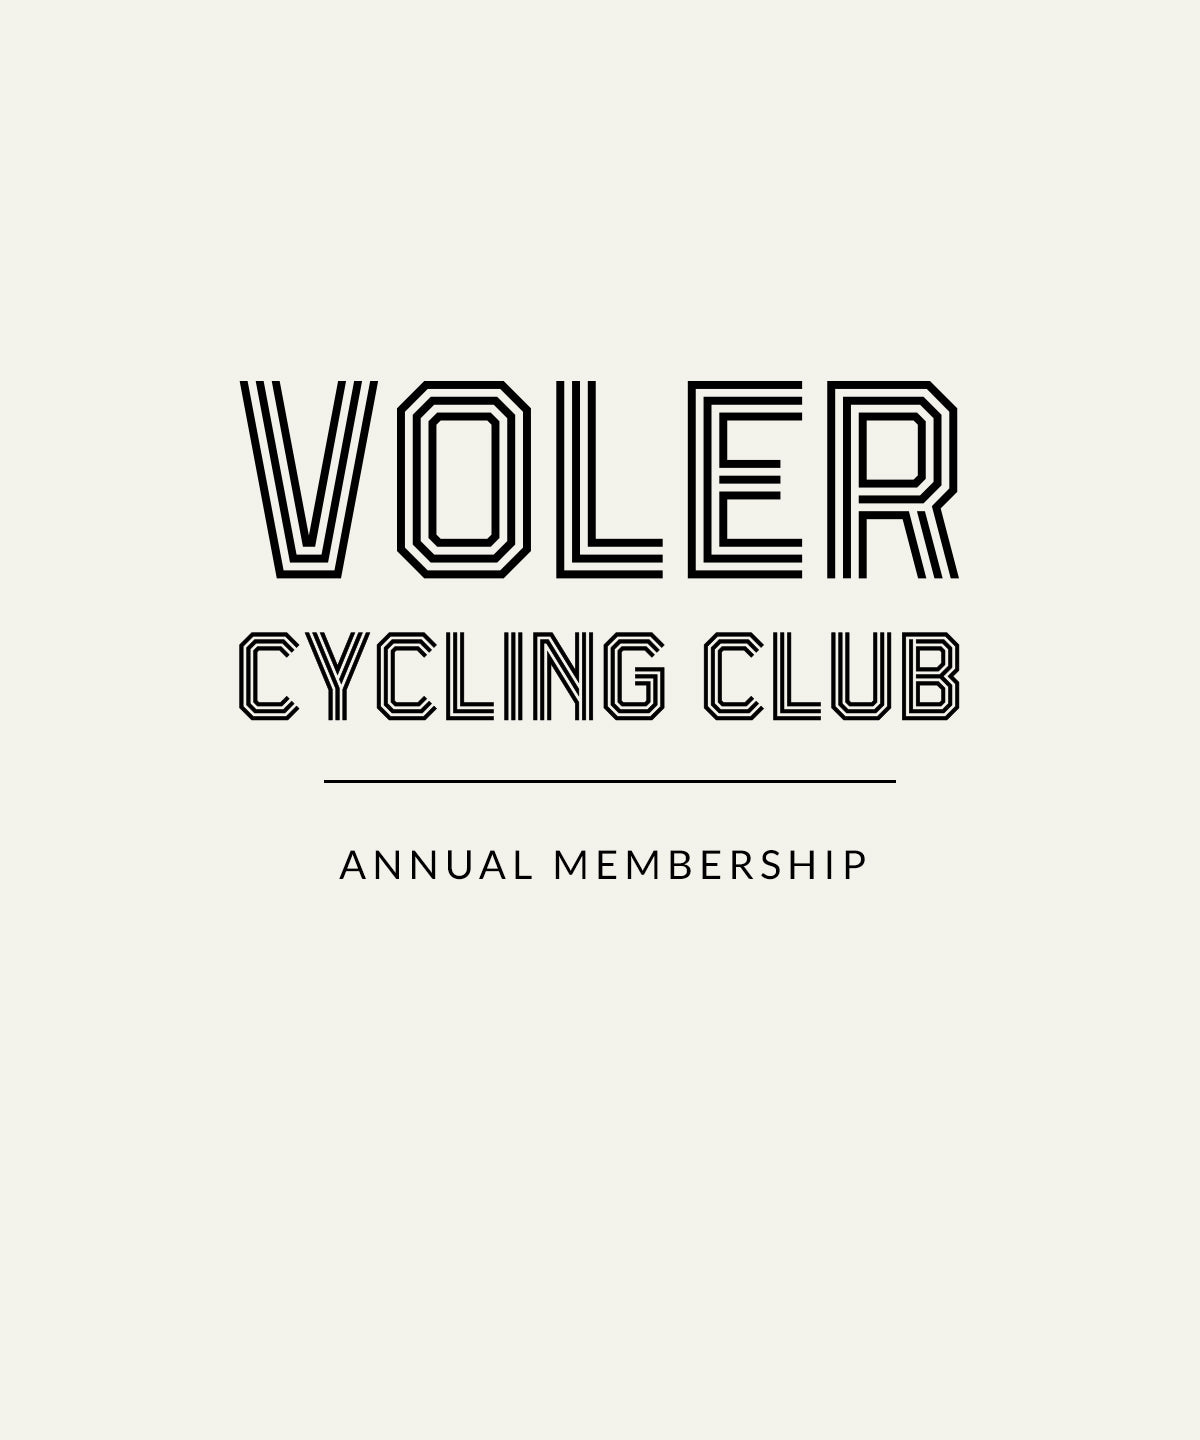 VOLER CYCLING CLUB ANNUAL MEMBERSHIP - CHAPTER MEMBERS
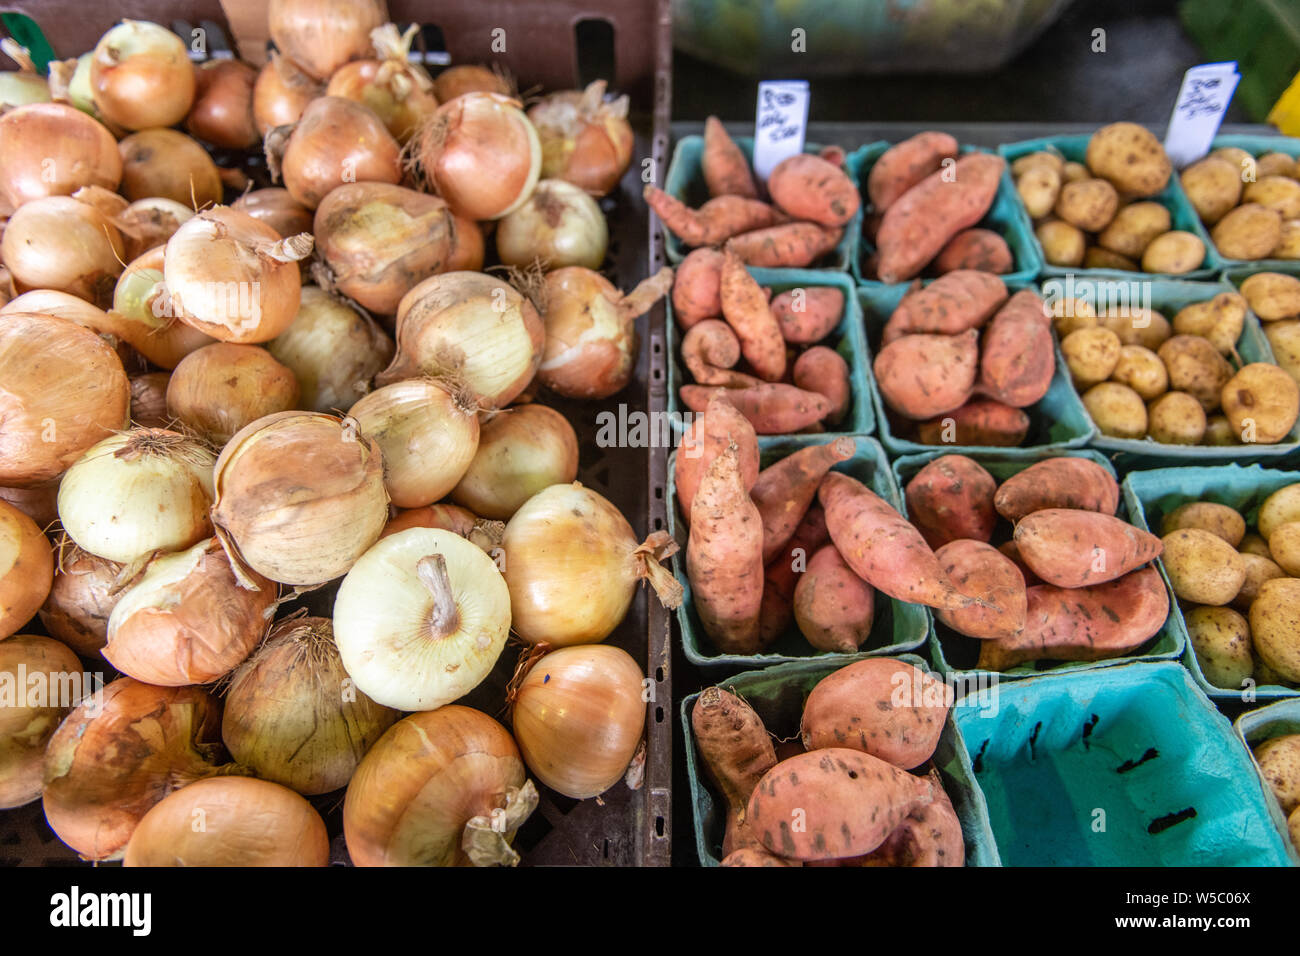 Onions (Allium cepa), sweet potatoes (Ipomoea batatas),  and potatoes (Solanum tuberosum) at a farmers market in Baltimore, MD Stock Photo
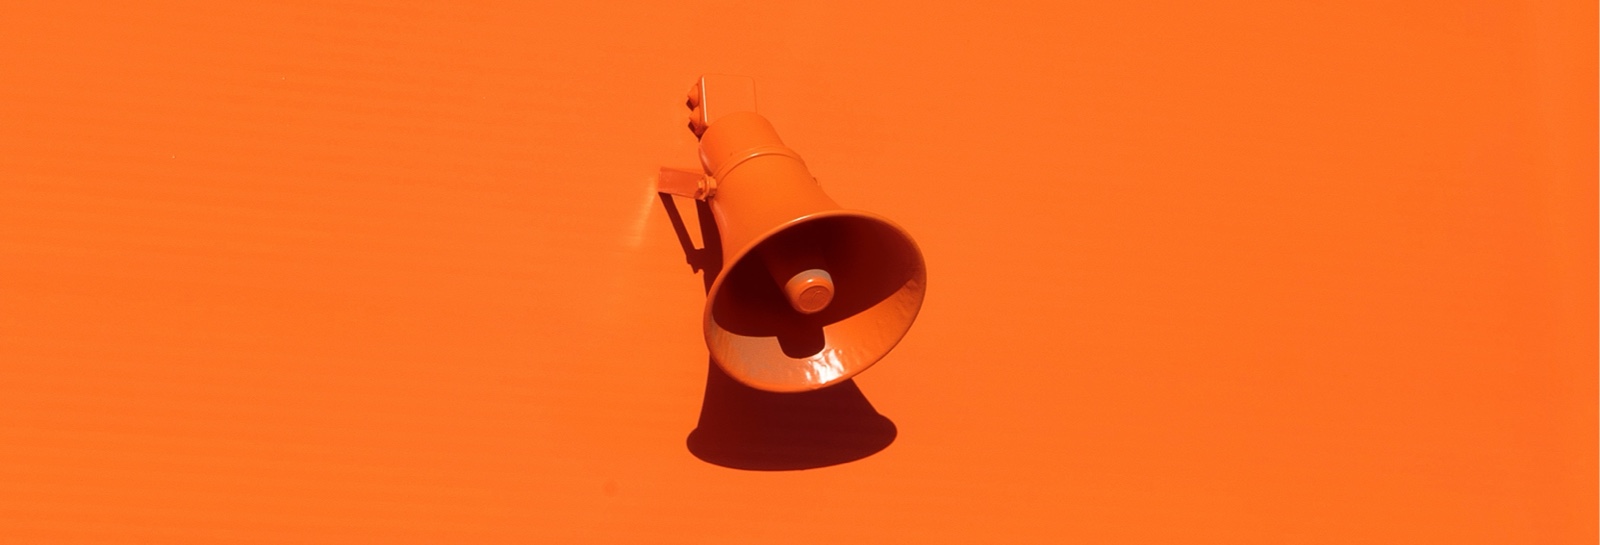 an orange megaphone on an orange background
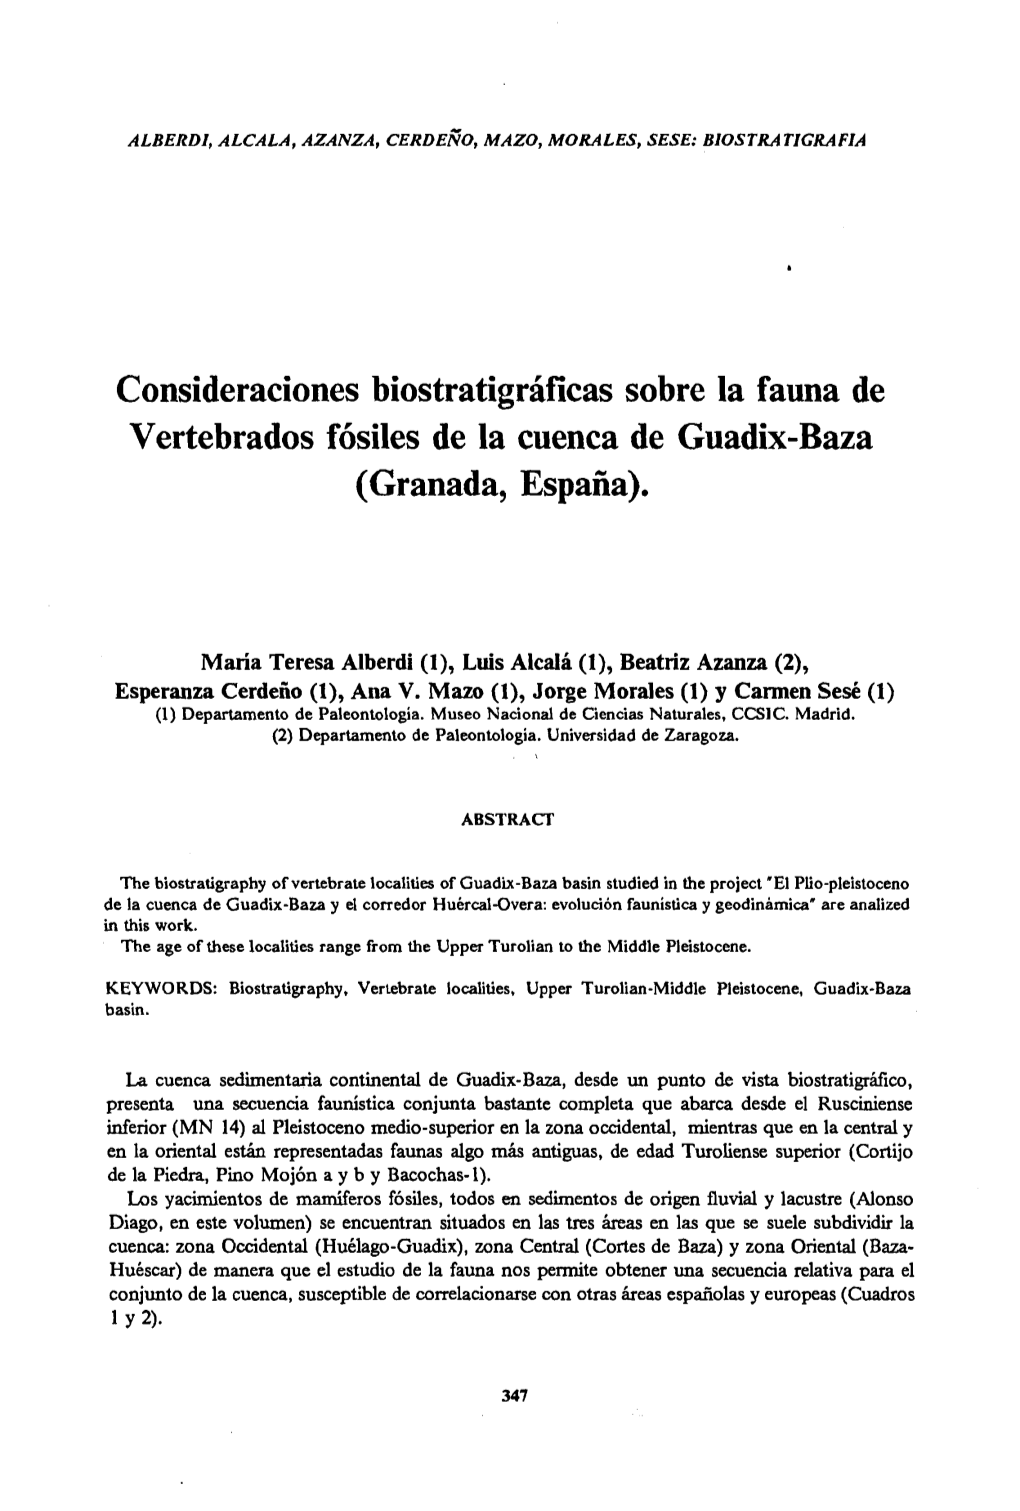 Alberdi Et Al 1989 Bioestratigrafia Vertebrados Fosiles Guadix Baza

TASK BRIEF: In the reply, every line of the material above is to be reproduced verbatim, and the images are to be left out.

SOLUTION TO THIS PROBLEM:
 VOLER CYCLING CLUB ANNUAL MEMBERSHIP - CHAPTER MEMBERS
 Onions (Allium cepa), sweet potatoes (Ipomoea batatas),  and potatoes (Solanum tuberosum) at a farmers market in Baltimore, MD Stock Photo
 an orange megaphone on an orange background
 Alberdi Et Al 1989 Bioestratigrafia Vertebrados Fosiles Guadix Baza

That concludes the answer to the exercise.